Viewing the facts in the light most favorable to Kingham, genuine disputes remain about whether State Farm unreasonably refused to offer a higher amount and recklessly disregarded the lack of a reasonable basis for not increasing its top offer of $5,900. State Farm contends its offer was reasonable because there were gaps in treatment, Kingham had pre-existing degenerative disk disease, and Dr. Rosen conducted a records review and concluded the injections and neck surgery were not related to the accident. However, State Farm never took a statement from Kingham, nor did it request an independent medical exam (IME) despite considering an IME multiple times. ECF Nos. 31-21 at 131-32, 134-35, 137-38; 36-1 at 14-15, 24-25; 36-4 at 2. A reasonable jury could find that had it done so, it could have cleared up some of its questions about the gaps in Kingham's treatment, whether Kingham had any pre-existing conditions, and whether Kingham's surgery and other treatment were causally connected to the accident. ECF Nos. 31-21 at 138, 142; 36-1 at 15, 24; 36-4 at 2; 36-5 at 12-19, 24 (Kingham deposition testimony explaining gaps in treatment, continuing pain, efforts at home therapy exercises, and impacts on life activities). A reasonable jury also could conclude that State Farm chose not to further investigate because, based on what it did know, it did not want answers to its questions.

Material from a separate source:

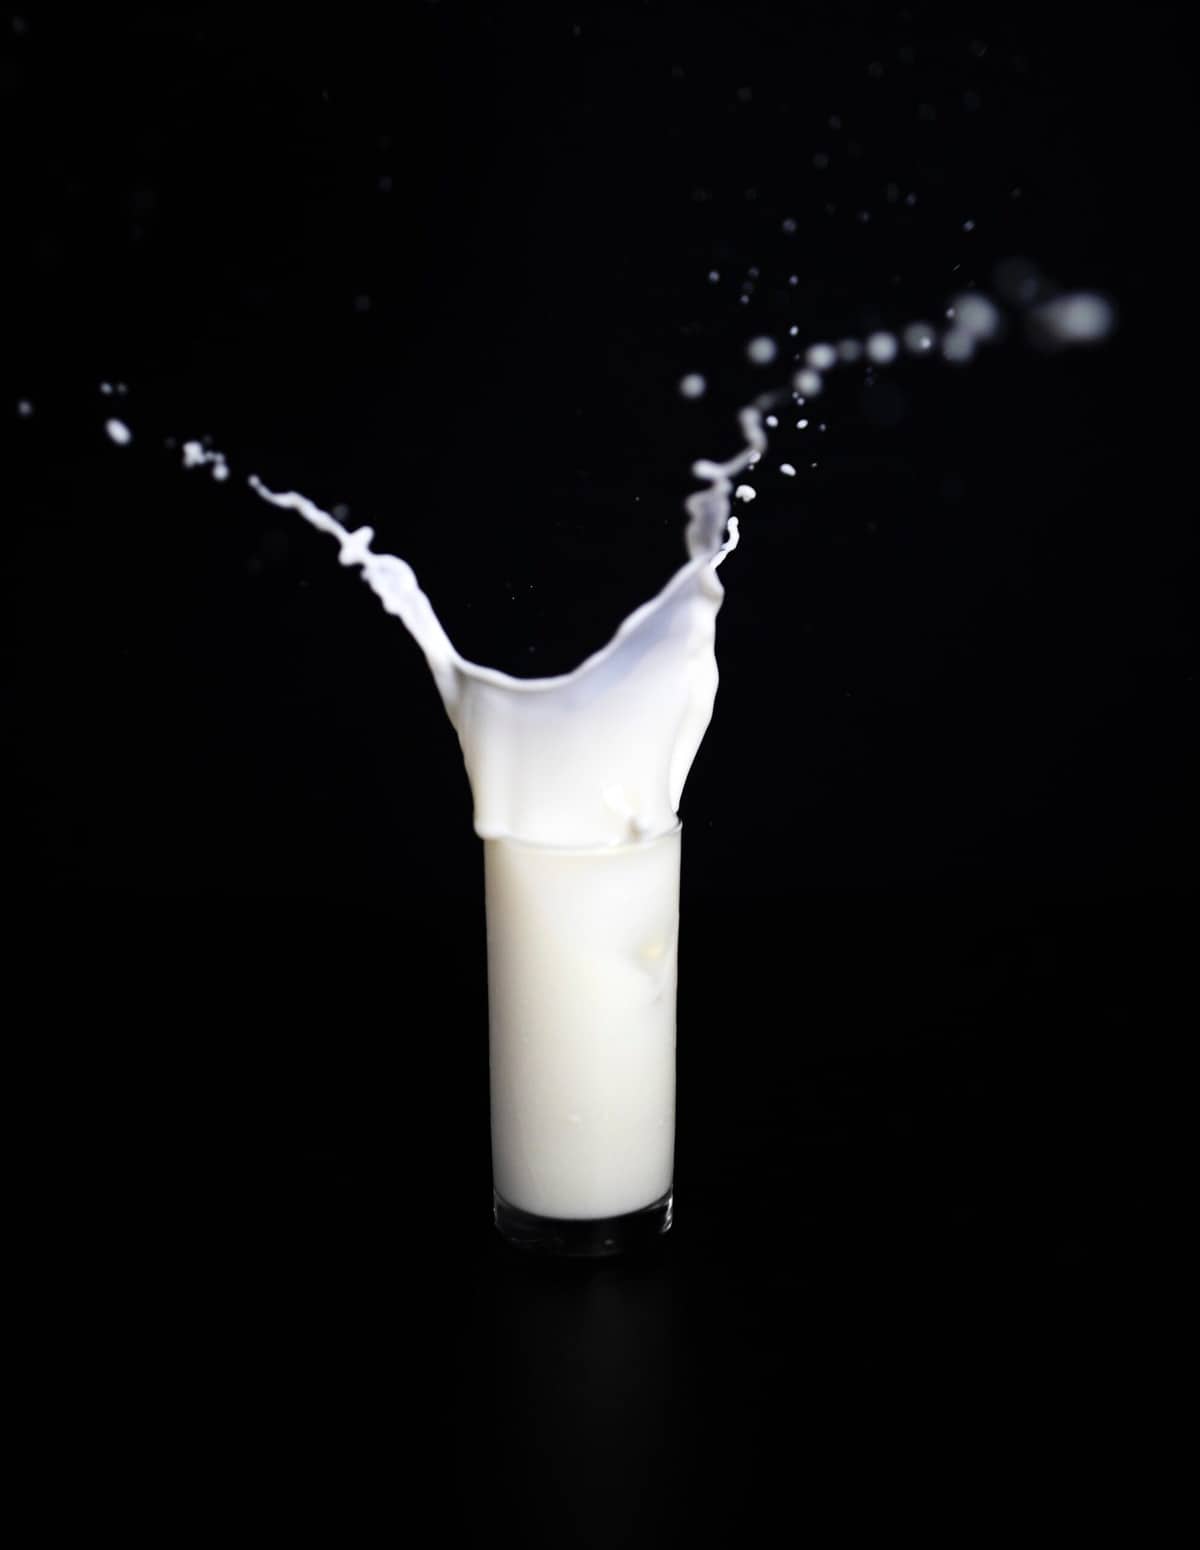 A glass of milk spilling against a black background.

State Farm questioned the gaps in treatment but a genuine dispute remains about whether notes in the medical records explained the gaps. See, e.g., ECF Nos. 31-4 at 11-12 (Dr. Rosen's review of medical records reflecting doctor's notes of independent home exercise programs); 31-8 at 141 (indicating Kingham "self-discharged" after contracting the flu but was referred back to physical therapy due to "lack of resolution of symptoms"); 31-24 at 60 (continued pain). A genuine dispute remains about whether State Farm unreasonably concluded that the gaps in treatment meant Kingham had fully recovered even though medical records showed Kingham was attempting to treat herself through home exercise programs but still had pain and limited range of motion. ECF Nos. 31-24 at 68-69; 36-1 at 22. Dr. Rosen noted that it was "unclear" why there were gaps in treatment. ECF No. 31-4 at 14. But instead of clearing up any confusion, State Farm stuck to its offer without further investigation. A reasonable jury could conclude State Farm did not interview Kingham or conduct an IME because it did not want answers to its questions, particularly given that it already had some indication from the medical records of what those answers would be. A jury could find State Farm wanted a basis to keep its offer unreasonably low by citing a concern about gaps in treatment.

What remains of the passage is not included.